Content starts
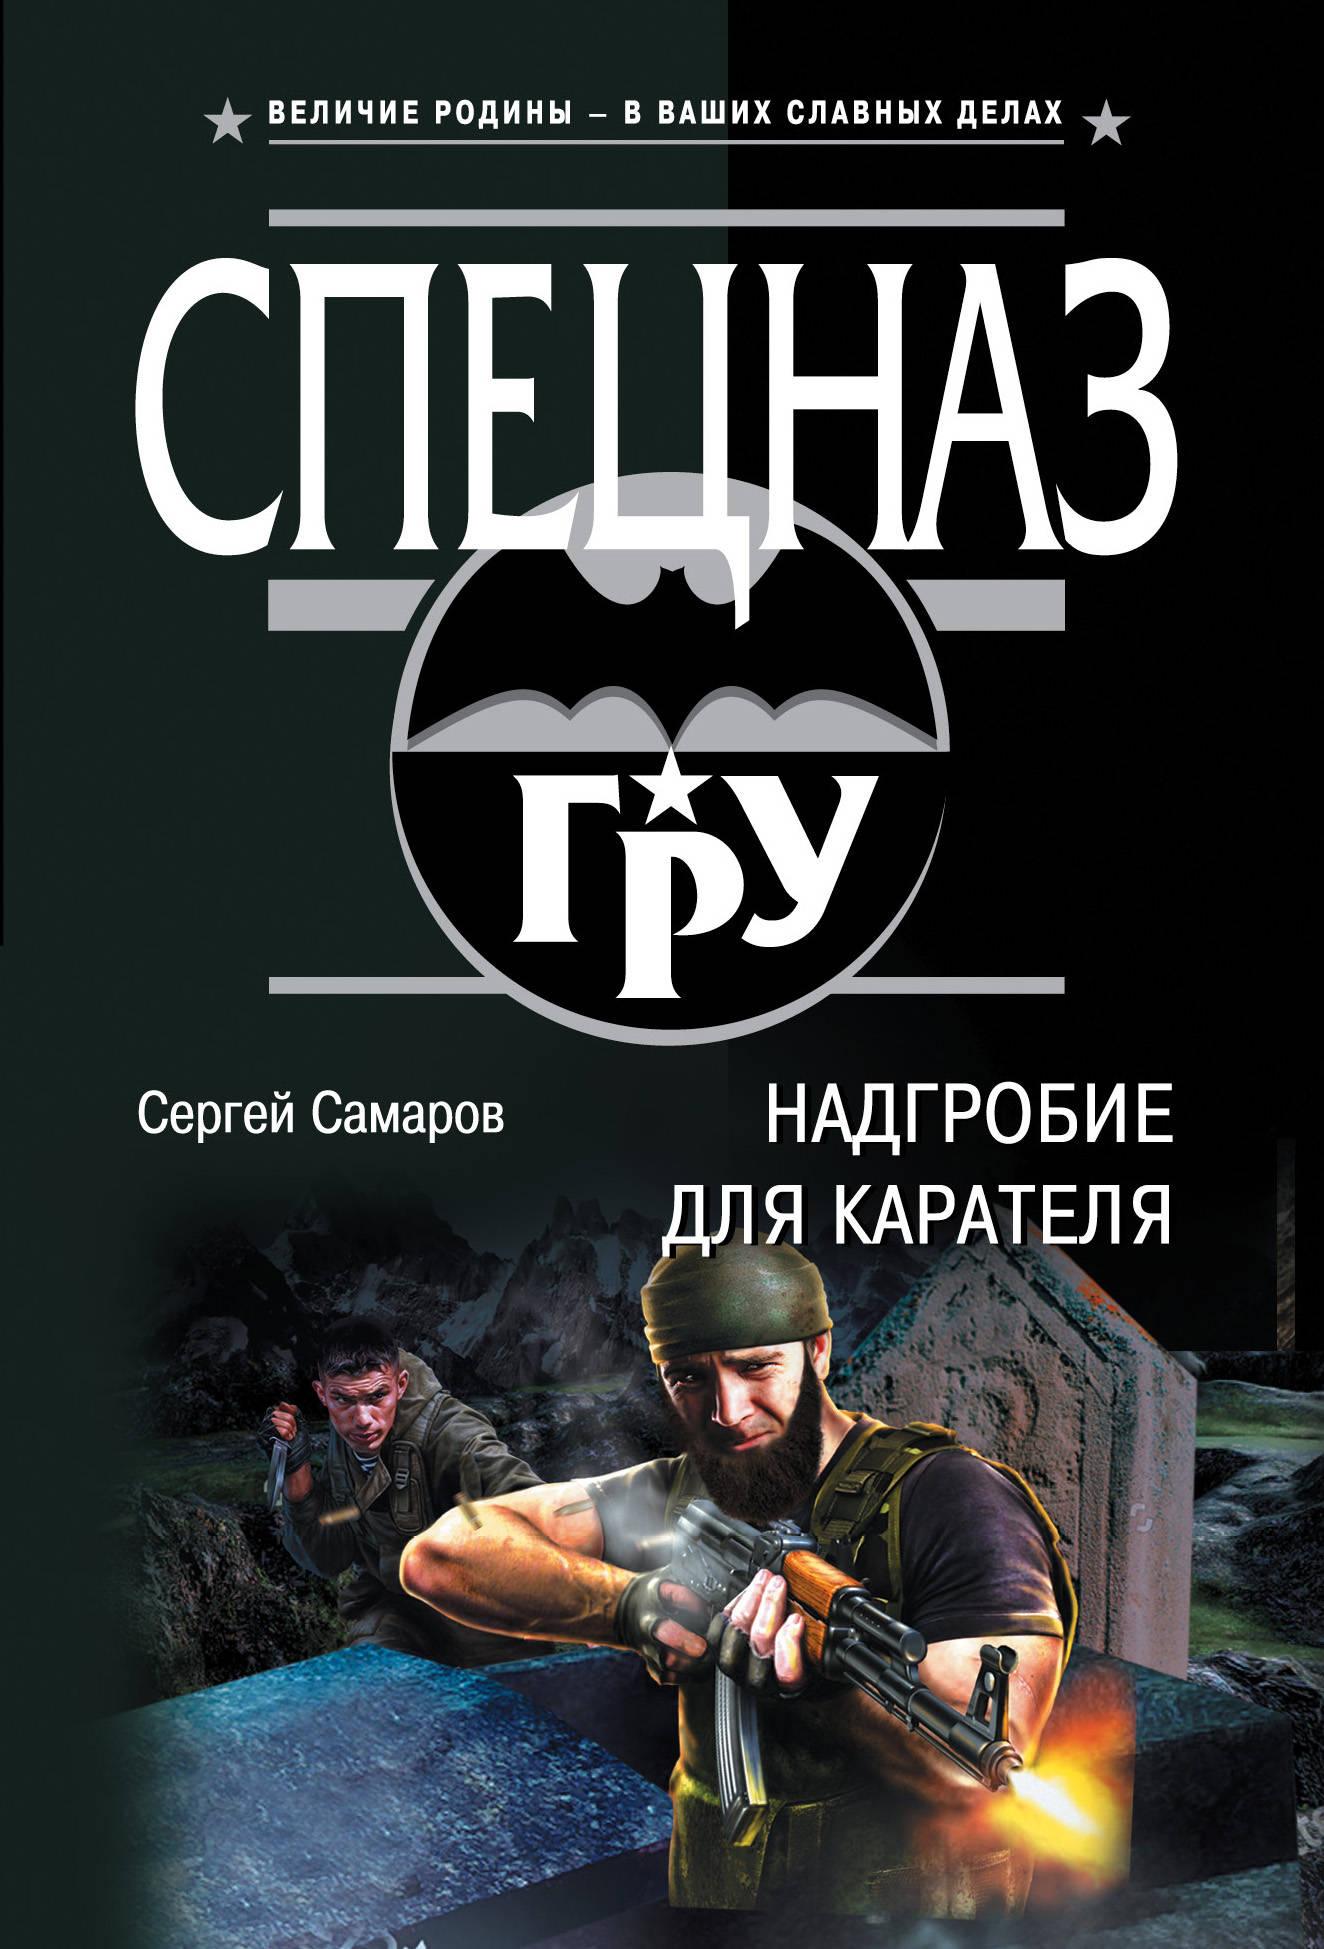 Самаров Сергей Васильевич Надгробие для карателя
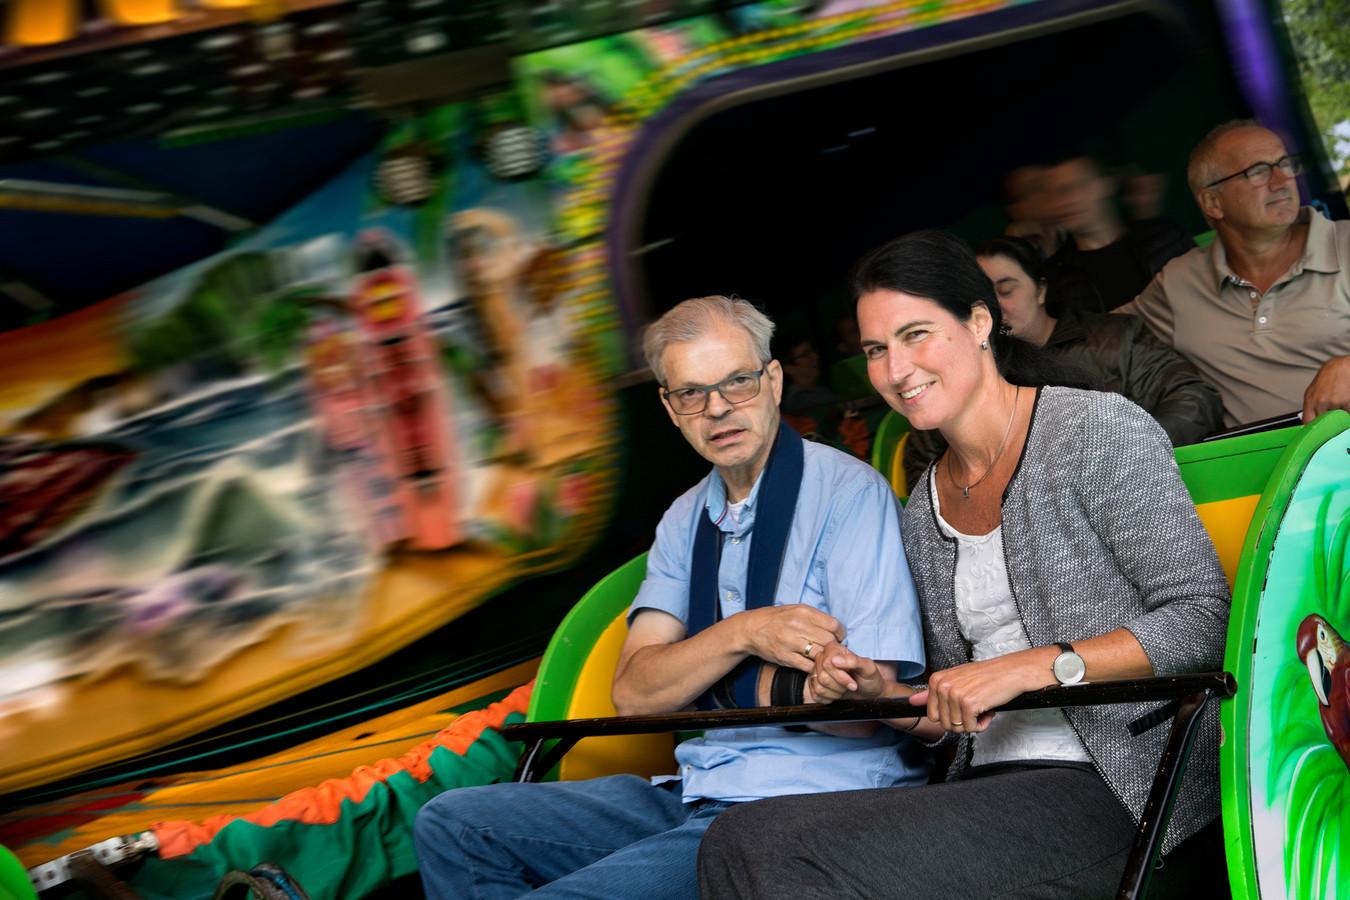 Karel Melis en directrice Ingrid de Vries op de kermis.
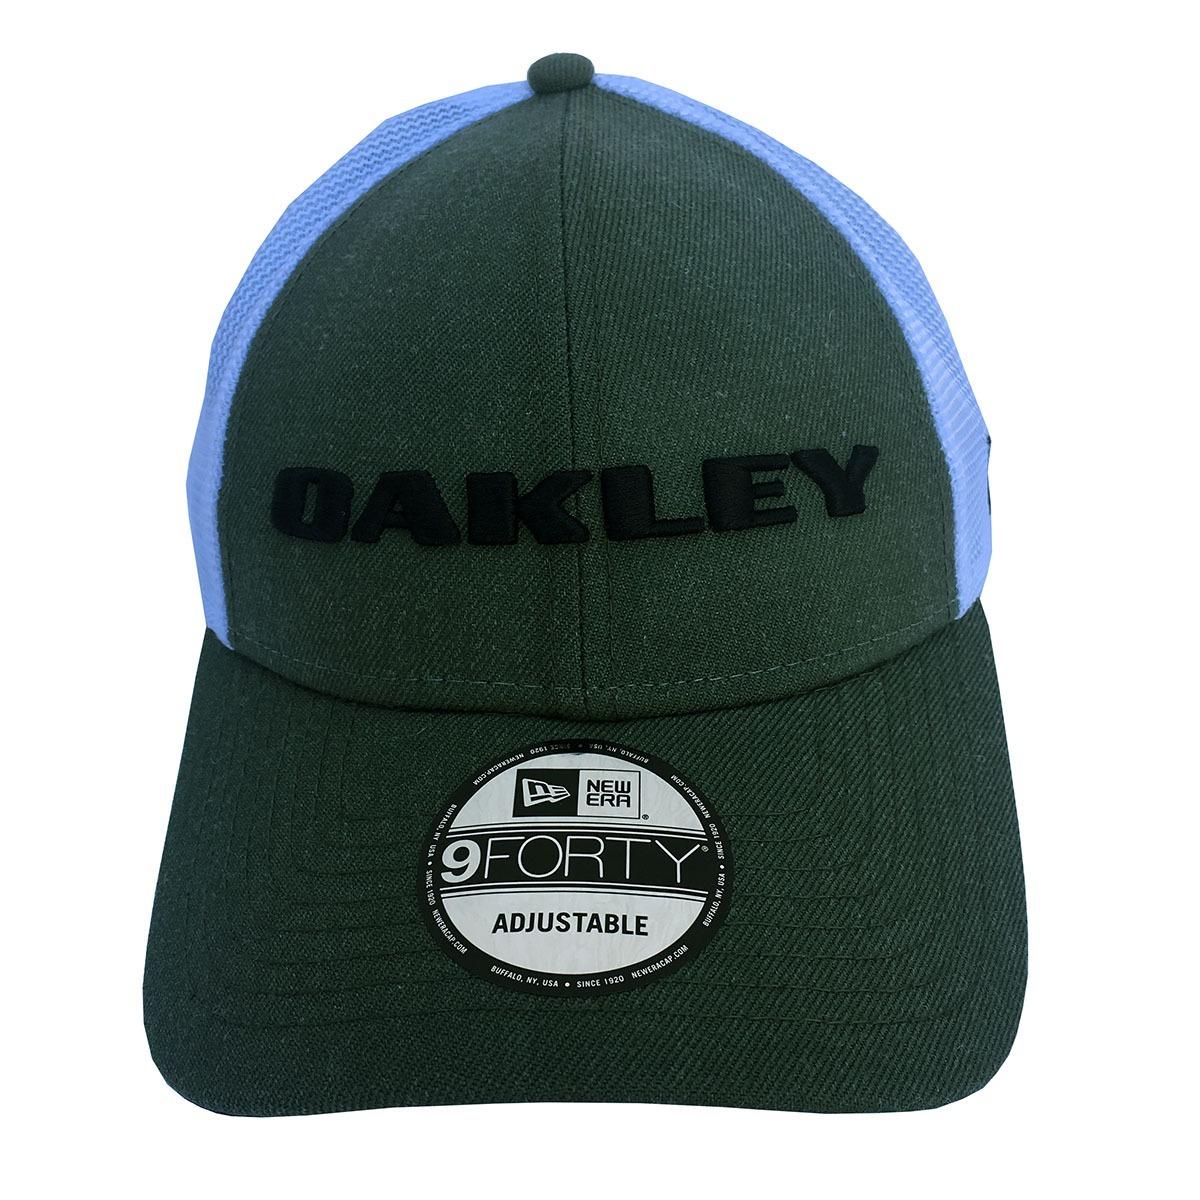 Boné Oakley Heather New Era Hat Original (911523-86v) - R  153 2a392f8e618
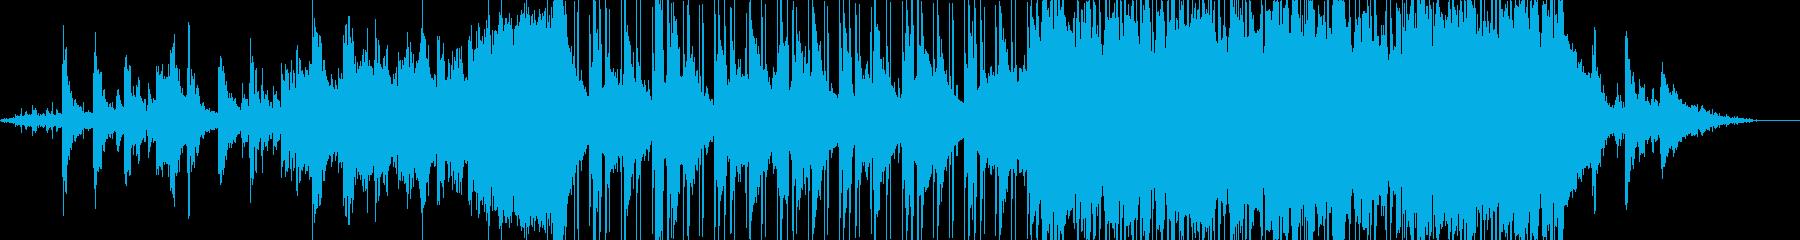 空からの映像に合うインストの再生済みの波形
Content ends
Exercise description: Leaving the pictures out, transcribe word for word the lines from the one with "Karel Melis en" to the end of the material above, inclusive, and nothing else.

Completed exercise:
 Karel Melis en directrice Ingrid de Vries op de kermis.
 Boné Oakley Heather New Era Hat Original (911523-86v) - R  153 2a392f8e618
 空からの映像に合うインストの再生済みの波形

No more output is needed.